Rats were initially sedated with isoflurane inhalation (induction of 0.8–1.5 lmin 1 oxygen flow, 4–5%), with subsequent headstage docking. Sequentially, the animals were placed in an acrylic box for recording free behavior, and the cable was connected to a preamplifier (Plexon Inc., Dallas, USA) connected to the Omniplex® data acquisition equipment (Plexon Inc., Dallas, USA). Field potentials (LFP) were recorded with an acquisition rate of 1000 Hz, with the rat being under the influence of isoflurane for approximately 15 min. After the effect of isoflurane, the field potentials (LFP) of the rat in free movement in the box were recorded for 15 min with an acquisition rate of 1000 Hz. After the recordings, a bandpass filter from 0.5 to 40 Hz was used, and the LFP of each channel was analyzed. The power density spectrum was calculated for each record, both for the anesthetized animals and for the animals in a free movement. Data were processed and analyzed using the Python language.

2.9. Euthanasia

The animals were anesthetized and euthanized using the exsanguination technique through intracardiac perfusion using 4% paraformaldehyde (4% PFA; pH 7.2) and with the aid of an extracorporeal perfusion pump. The brain was therefore removed from the skull and placed in a solution containing 4% paraformaldehyde (4% PFA; pH 7.2) and kept at 4 C for 24 h.
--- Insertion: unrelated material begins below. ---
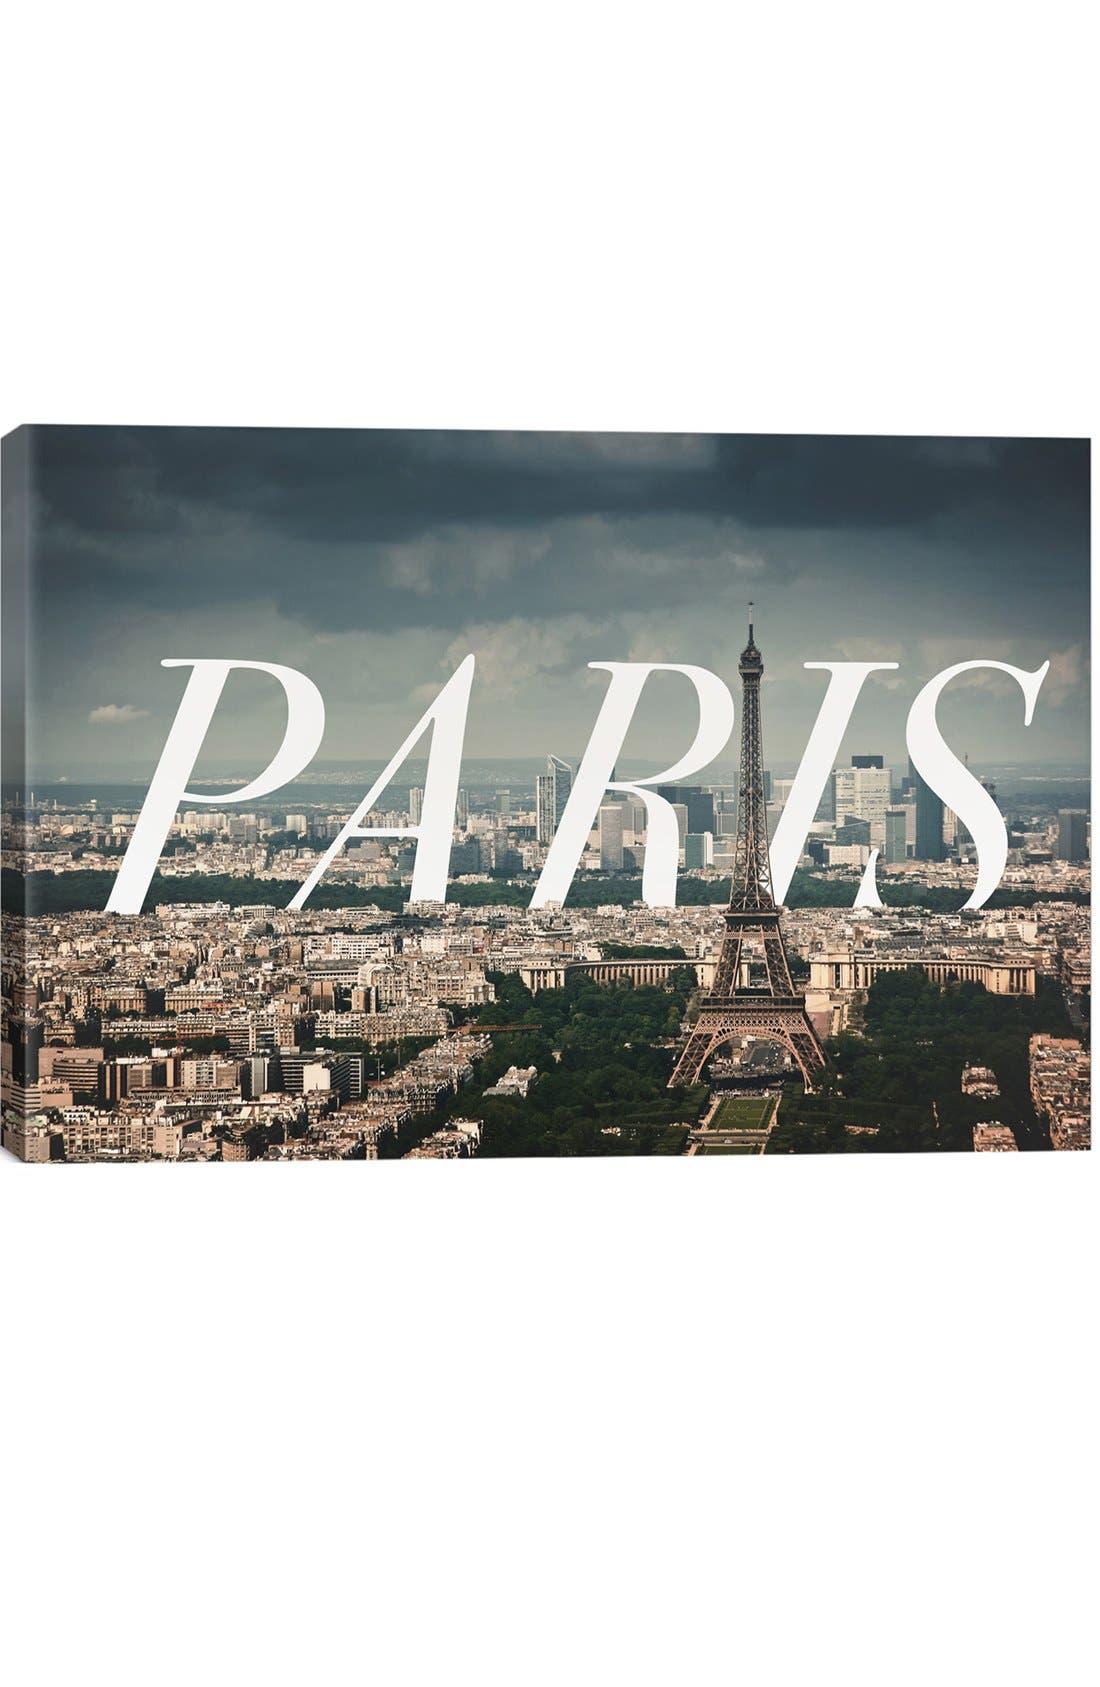 Alternate Image 1 Selected - iCanvas 'Paris' Giclée Print Canvas Art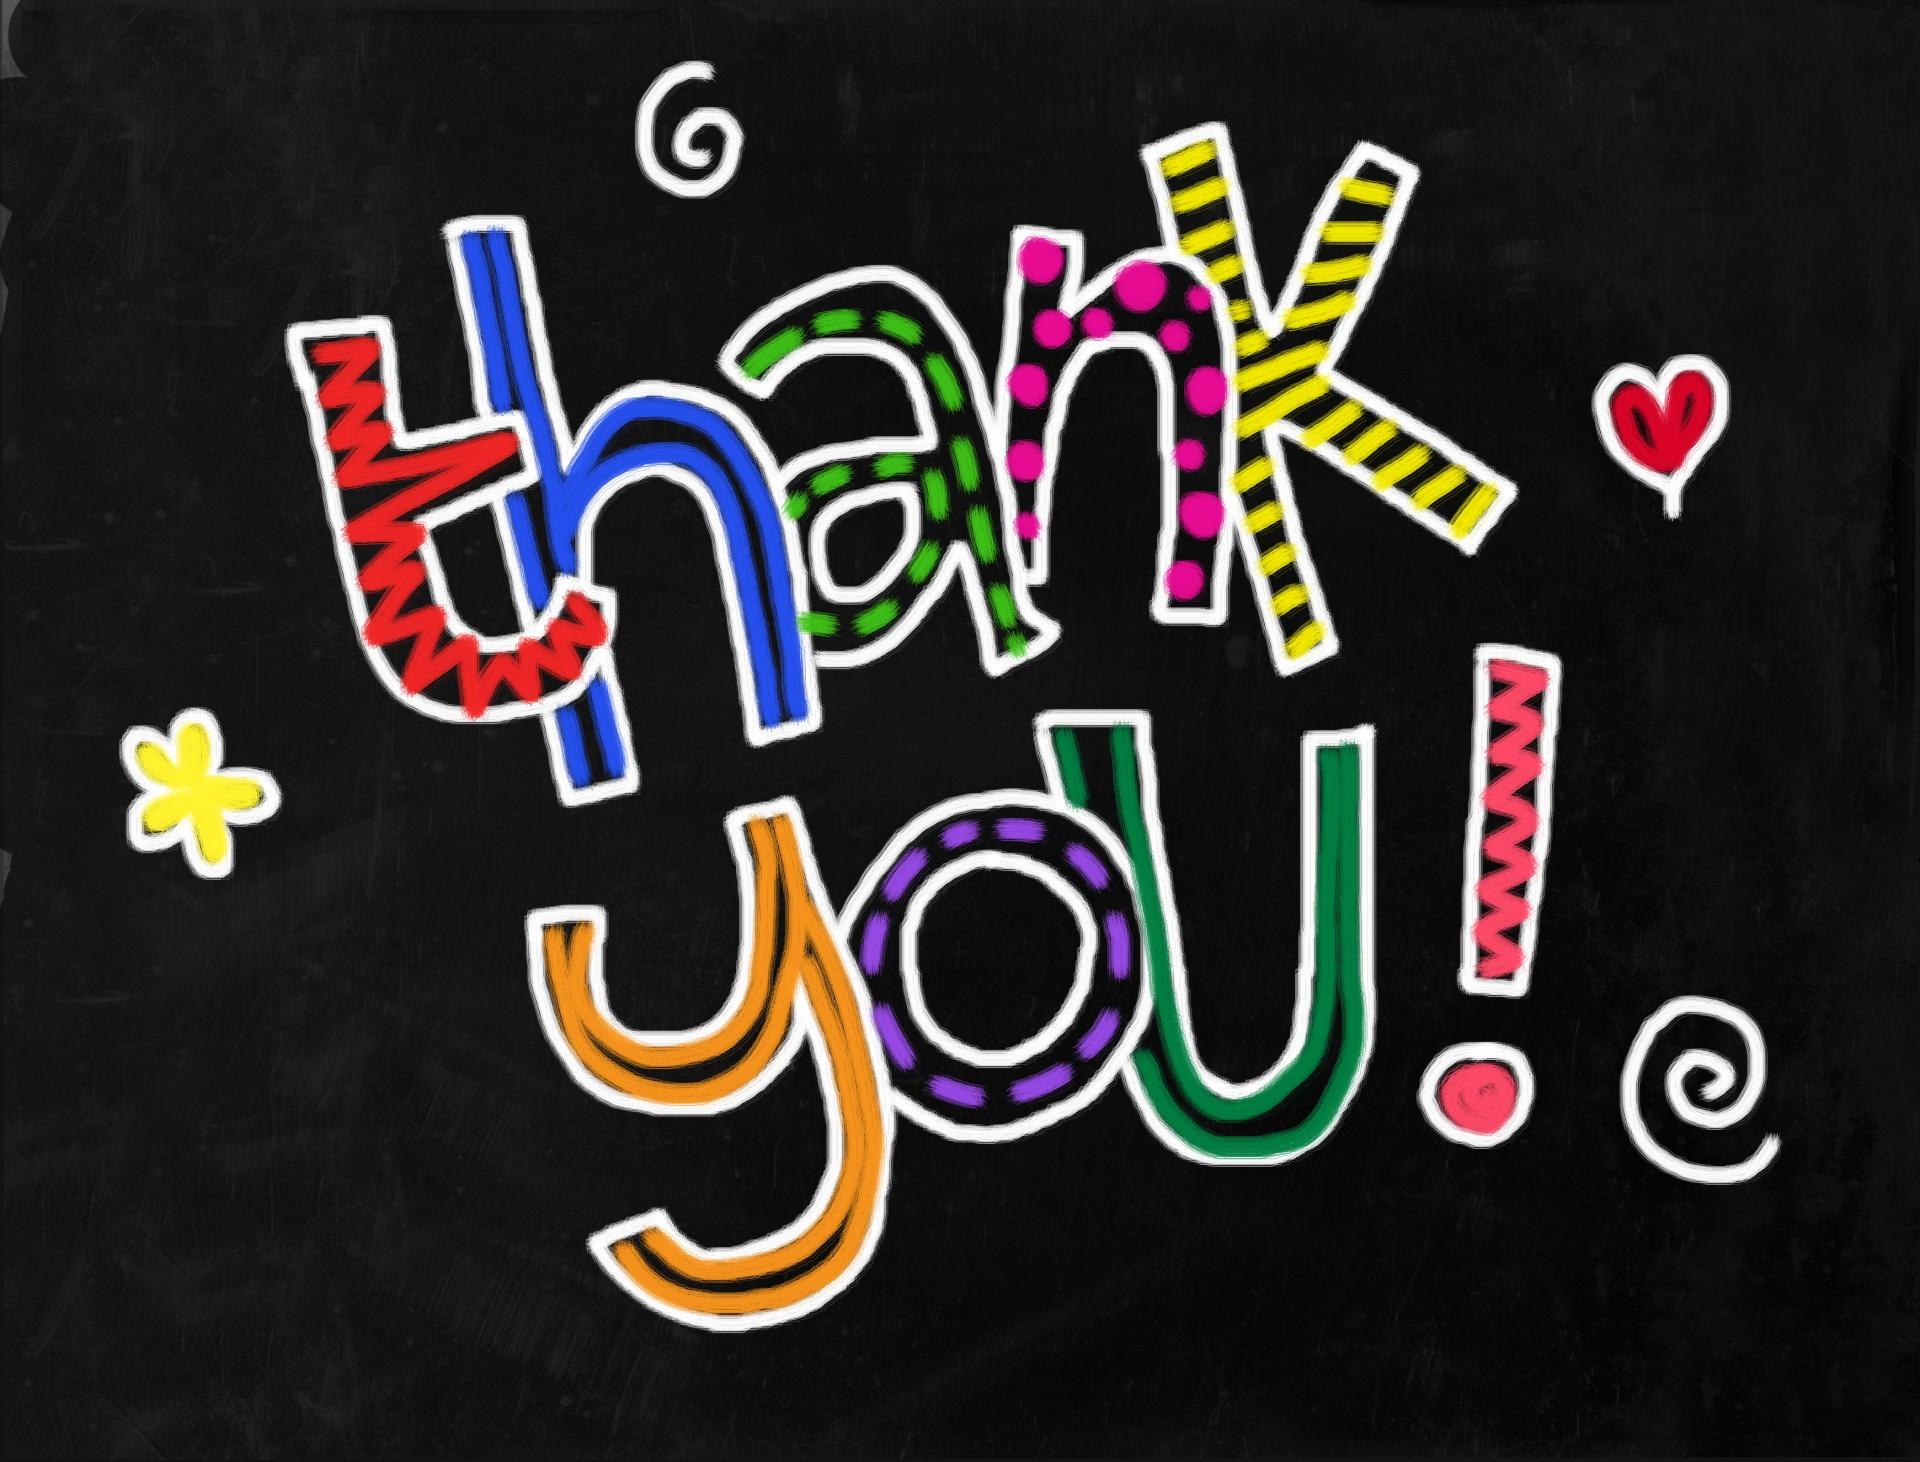 thank-you-1488457955BnR.jpg

2.10. Histological Analysis

Brain samples were placed in a 30% sucrose solution for 3–4 days. The brains were then covered with Tissue Tek®, frozen in a cryostat (HM550, Thermo Fisher Scientific, Waltham, MA, USA) (cabin and specimen temperature −20 C), and sectioned into 50 μ m coronal slices. The sections were stored in cryoprotectant solution (50% glycerol in PBS), and those considered of interest were washed three times in PBS for 5 min with minimal agitation. The tissues were then incubated in 1% PBST (99% PBS + 1% Triton™X100) at room temperature and minimal agitation for 1 h, and then incubated for a further 1 h in a 10% goat serum solution (NGS) in 0.3% PBST. Incubation with primary antibodies (Ab) was performed for 72 h at 4 C for primary antibodies to glial fibrillary acidic protein (GFAP obtained in rabbit; 1:500; Z0334, Dako, Agilent, Santa Clara, CA., USA) and cluster of differentiation 68 (CD68 obtained in mouse, 1:500; MCA341R, AbD Serotec, Bio-Rad Laboratories, Inc., Hercules, CA, USA). Therefore, the sections were washed in 0.3% PBST and incubated for 2 h 30 min with the secondary antibodies (Mouse-Alexa Fluor 555 nm, Thermo Fisher Scientific, Waltham, MA, USA, 1:1000; brand and Rabbit-Alexa Fluor 488 nm, Thermo Fisher Scientific, Waltham, MA, USA, 1:1000;) in 10% NGS + 90% 0.3% PBST at room temperature with minimal agitation. Sequentially, sections were washed in PBS for 5 min three times and subsequently incubated with DAPI (1:1000) in PBS for 10 min. Finally, samples were washed with PBS for 5 min, five times, and mounted. The slides were stored at 4 C until the images were acquired.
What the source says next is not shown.